GENOME ANNOUNCEMENT

Bovine tuberculosis (BT) due to Mycobacterium bovis is a chronic infectious disease affecting domestic animal species, like cattle, wild animals, and sometimes humans (1–4).

In France, an officially BT-free member of the European Union (EU), Mycobacterium bovis remains endemic in a few regions of the country (5). The in-depth genetic study of strains of M. bovis responsible for the persistence of outbreaks revealed several strains with a genotypic profile associated with localization to a specific region (6). Some of these strains infect both livestock and wildlife in an undifferentiated way and proved their ability to proliferate in multihost systems. To understand how they have evolved, strains of spoligotypes SB0821, SB0134, and SB0121 specific to the Aquitaine and Normandie regions were selected to perform whole-genome sequencing. Strain D11-01601 of spoligotype SB0821-MLVA 6 5 5 3 11 2 5.5 8, strain D11-03130 of spoligotype SB0121-MLVA 5 2 5 3 8 2 5 6, and strain D11-00843 of spoligotype SB0134-MLVA 7 4 5 3 10 4 5 10 were, respectively, isolated in Aquitaine (2011) from retropharyngeal lymph nodes of a wild boar and in Haute-Normandy (2011) and in Aquitaine (2011) from respiratory lymph nodes of cattle, as described before (6).

Isolates were grown in 10 ml of Middlebrook 7H9 liquid medium supplemented with 10% oleic acid-albumin-dextrose-catalase (OADC) for 4 weeks. Bacteria were thermolysed for 1 h at 80°C, and chromosomal DNA was extracted with phenol-chloroform.

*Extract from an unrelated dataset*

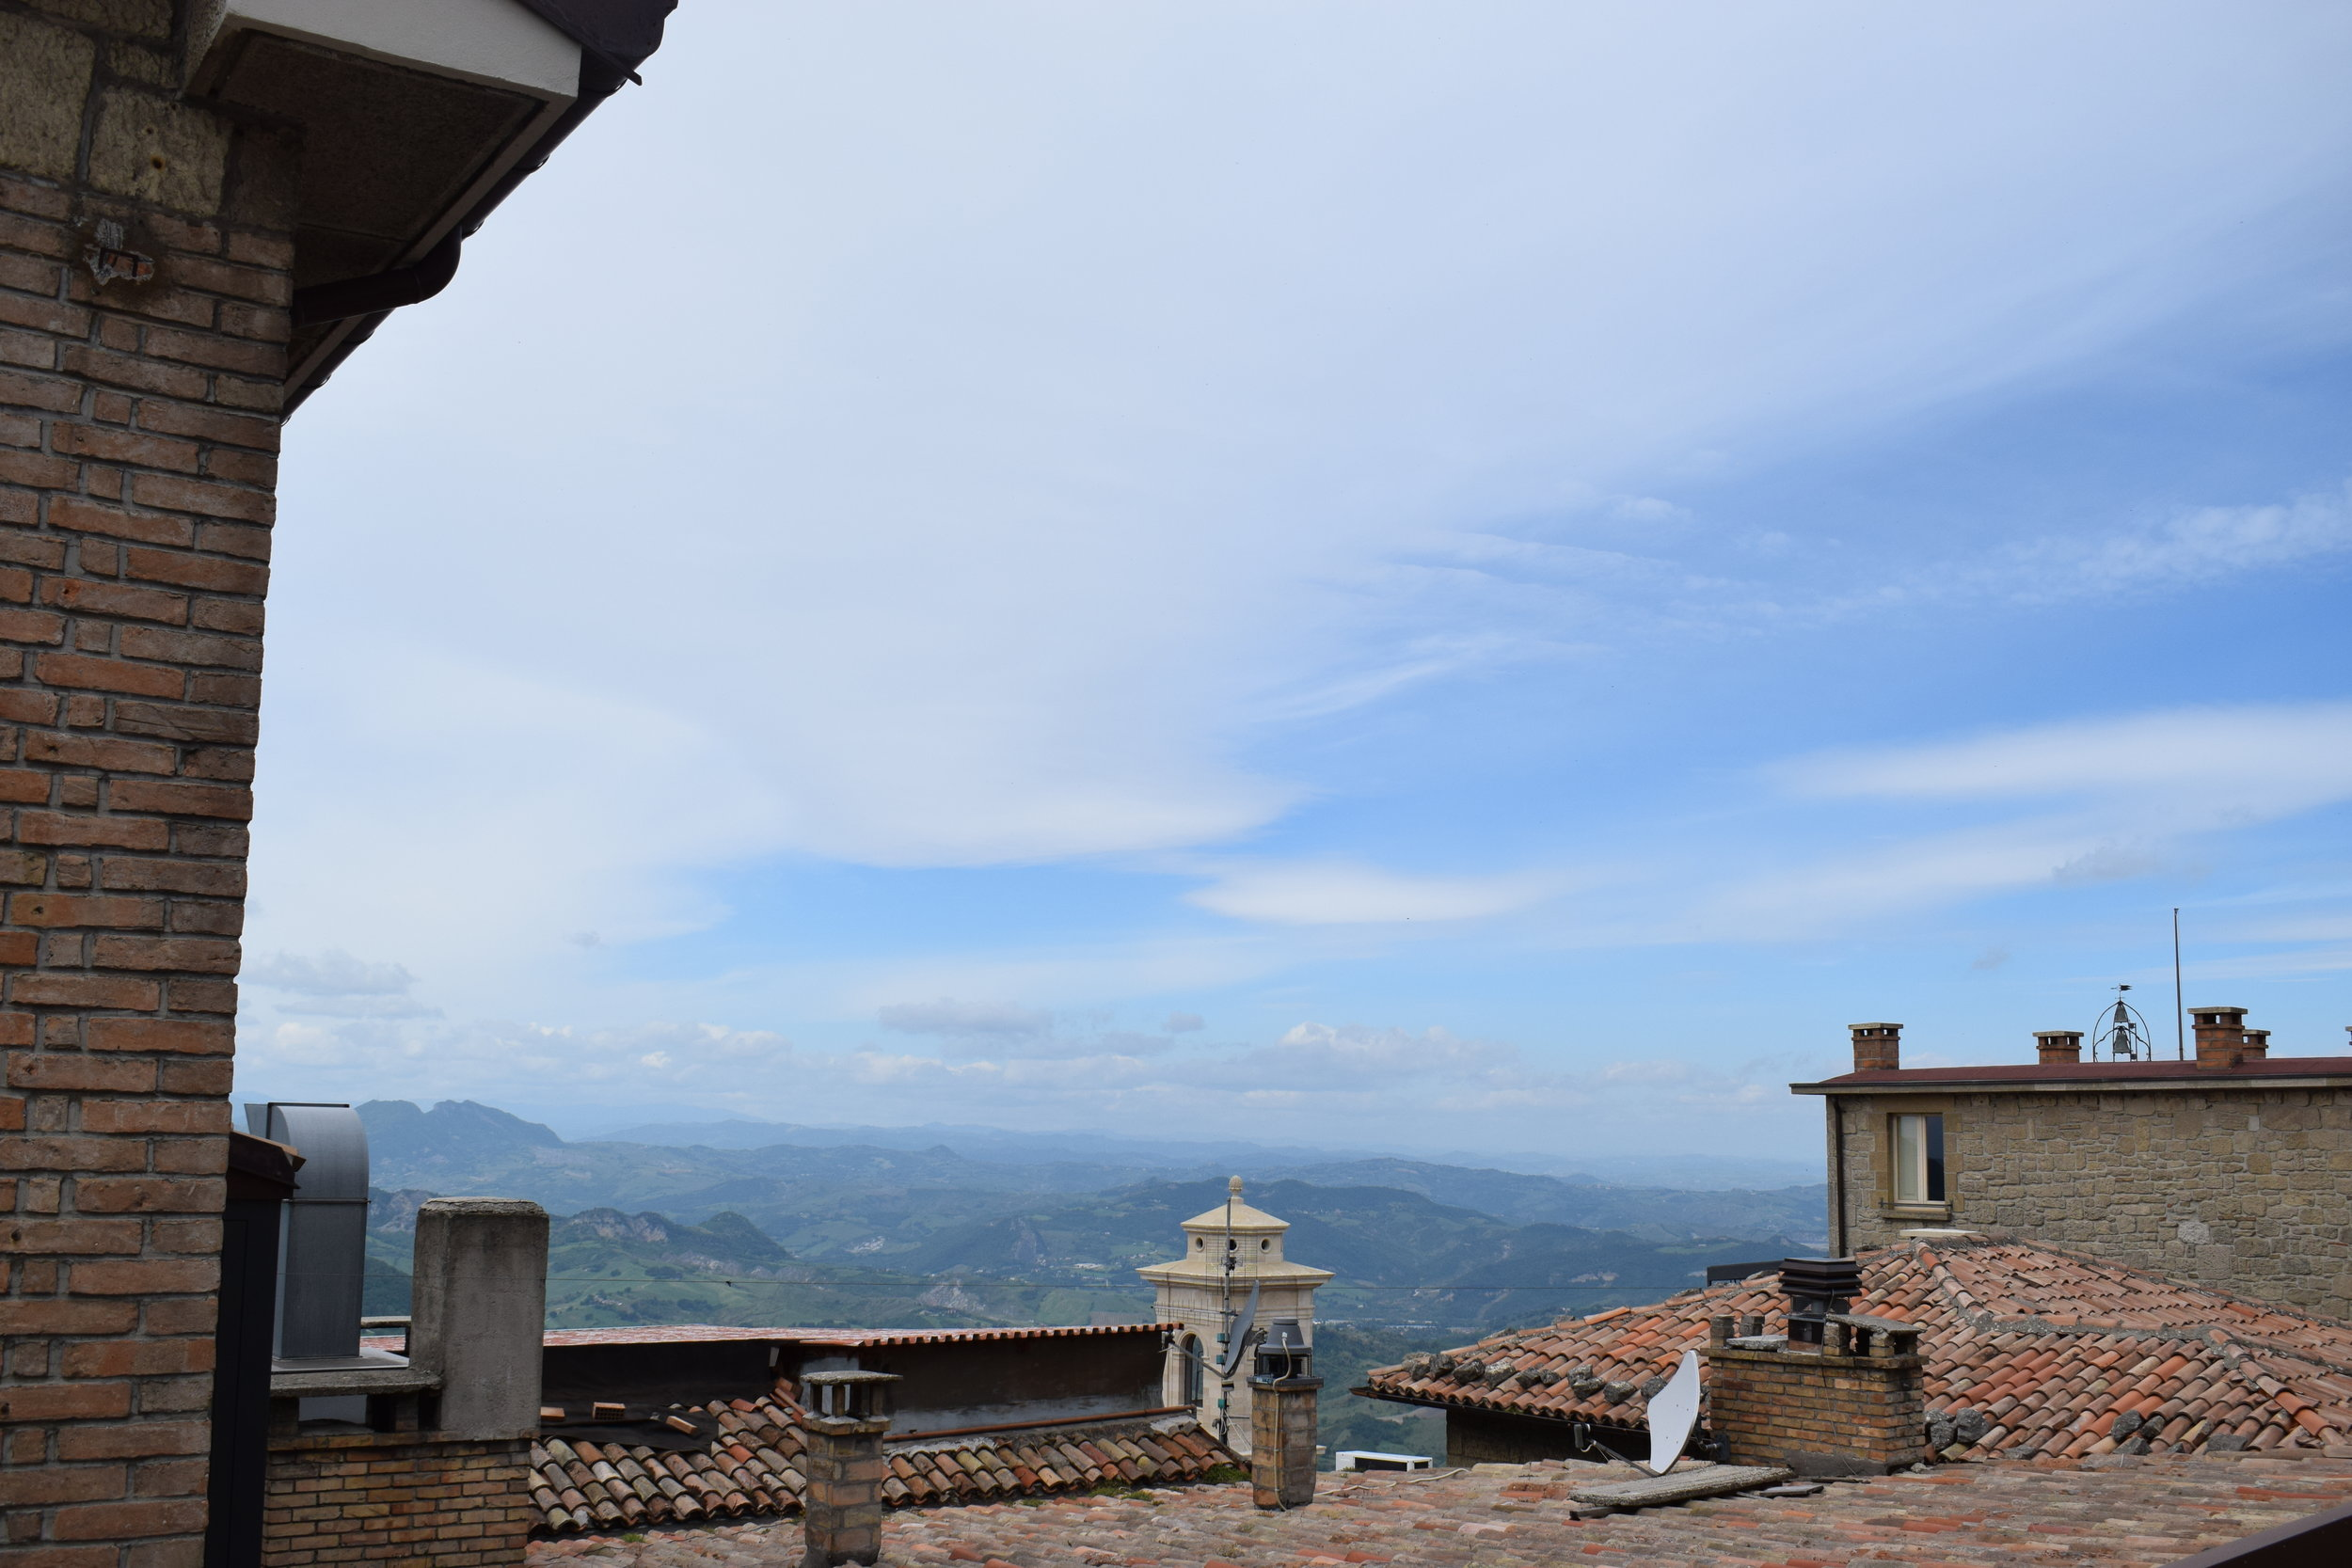 San-Marino-Rooftops-View

DNA sequencing was performed at Genoscreen (Lille, France) on a HiSeq 2500 (Illumina, San Diego, CA, USA) to obtain 2 × 100 paired-end sequences, for an average coverage of 80×. Sequencing strain D11-01601 produced 3,238,397 paired-end reads of 100 bp and 3,085,262 reads after filtering with Sickle version 1.33. We performed de novo assembly using SPAdes version 3.9.0 (2) on trimmed sequences, with a k-mer size of 55. We obtained 146 contigs (largest, 237,066 bp) for a total length of 4,296,059 bp; we used only contigs larger than 200 bp, a G+C content of 65.54%, and an N₅₀ of 98,742 bp (QUAST version 4.2 [7]). Annotation was performed by the National Center for Biotechnology Information (NCBI) Prokaryotic Genome Annotation Pipeline (8), which predicted 4,112 coding DNA sequences (CDSs) for 4,297 total genes, 45 tRNAs, and 134 pseudogenes.

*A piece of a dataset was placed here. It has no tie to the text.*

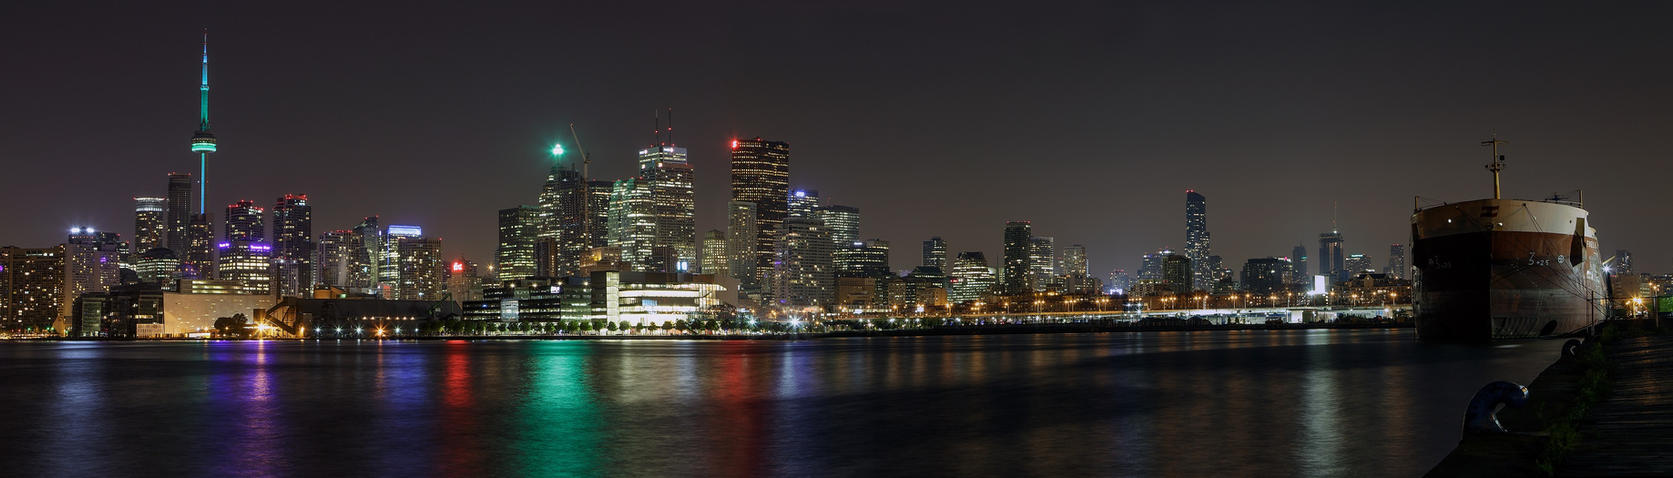 Toronto by SneachtaPix

As the same pipeline, strain D11-00843 sequencing produced 1,760,482 paired-end reads and 1,679,977 reads after filtering. We obtained 191 contigs (largest, 176,982 bp) for a total length of 4,294,610 bp (G+C content, 65.54%; N₅₀, 59,829 bp). The annotation predicted 4,128 CDSs for 4,328 total genes, 45 tRNAs, and 149 pseudogenes. For strain D11-03130, sequencing produced 3,187,526 paired-end reads and 2,993,919 reads after filtering. We obtained 155 contigs (largest, 236,095 bp) for a total length of 4,308,841 bp (G+C content, 65.56%; N₅₀, 122,015 bp). The annotation predicted 4,127 CDSs for 4,314 total genes, 45 tRNAs, and 136 pseudogenes.

Accession number(s).

The whole-genome shotgun projects have been deposited at DDBJ/ENA/GenBank under accession numbers MTZQ00000000, MTZR00000000, and MTZS00000000 for strains D11-01601, D11-00843, and D11-03130, respectively. The versions described in this paper are versions MTZQ01000000, MTZR01000000, and MTZS01000000, respectively.